Now, here, in the bright lights, the black collar burning against his neck and the shackles making bloodied dents into his skin, he almost felt like him again. Now, here, with the Hyde out of reach and all by himself. Alone. Solitary. Again. The cage confirmed that more than anything.
And she had put him here. Brilliant Wednesday Addams.
He closed his eyes, blocking out the room, and imagined her standing in front of him. Imagined himself, without the collars, without the shackles or the chains. Imagined transforming, the Hyde looming over her.
It had become a comforting habit over the past three months, to imagine the moment right before he killed her. He’d imagined it happening at Nevermore, right there on the school grounds, at the Weathervane, in its dull orange lighting, in the woods, or the cave, or even the crypt where he’d brought her for their first and only date. He imagined what she would look like, how she would stand, how she would look him in the eyes as she always did, like she could see through him, right down to his very heart and soul, or whatever was left of it.

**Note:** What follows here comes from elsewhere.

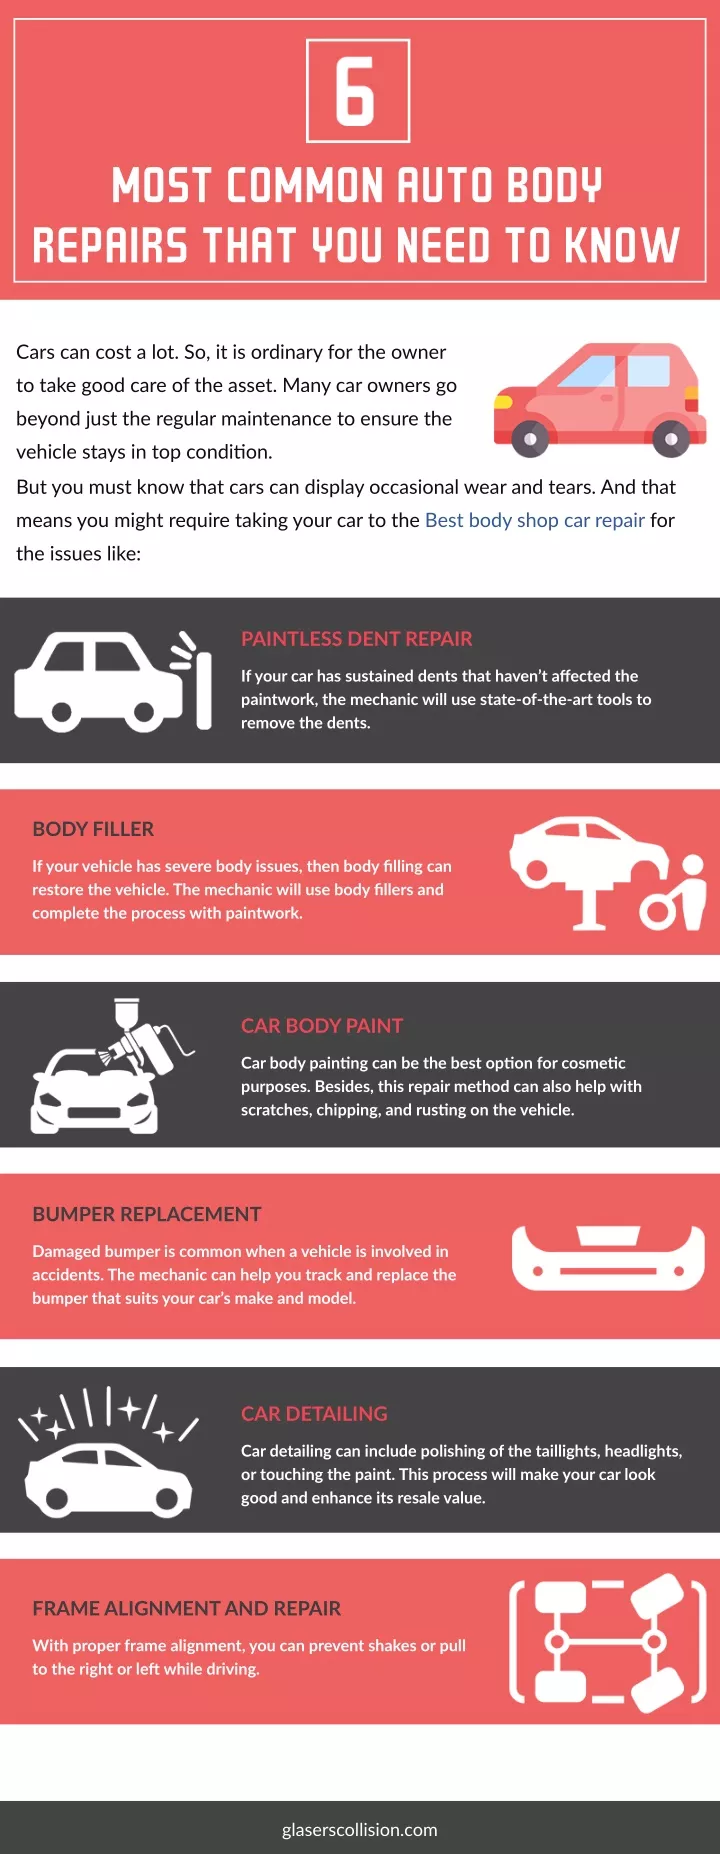 most common auto body repairs that you need

But as many times as he’d imagined it, savoured it, felt the feelings that he imagined would come along with killing her, he could never imagine her scared while it happened. Her face haunted him in a different way to Laurel’s. In all the scenarios he’d made up in his dark, twisted mind, she always looked the same. Lips closed, unmoving. Eyes slightly narrowed, staring unflinchingly. Straight, black braids that curled up at the end. Feet planted to the ground. Arms stuck to her sides.
He supposed, even if you hated someone the way he did Wednesday, you could still have respect for them, and he at least respected her enough to not imagine her fearful, running, screaming. It was so very un-Wednesday that if he could’ve imagined her that way, it wouldn’t be worth it, because it wouldn’t be her.
He would imagine all the chances he’d had to kill her, before. The way she’d never known the danger she was in, though he doubted she would have cared even if she did.
And if his imagination brought him back to the quieter moments, the ones where he and Wednesday had been alone. When he remembered how she’d felt in his arms when he caught her after a vision, the way her eyes had softened if only for second when she’d seen the crypt lit up with the candles he’d set up, the way he could almost hear his heart speed up and beat so loudly he thought it might pound right through his chest with every one of the three steps she took toward him at the Weathervane before she’d kissed him for the first time – well, if those memories came up of their own accord, they only served as a reminder of why he hated her now.
There was no other word big enough to describe how Tyler Galpin thought about Wednesday Addams.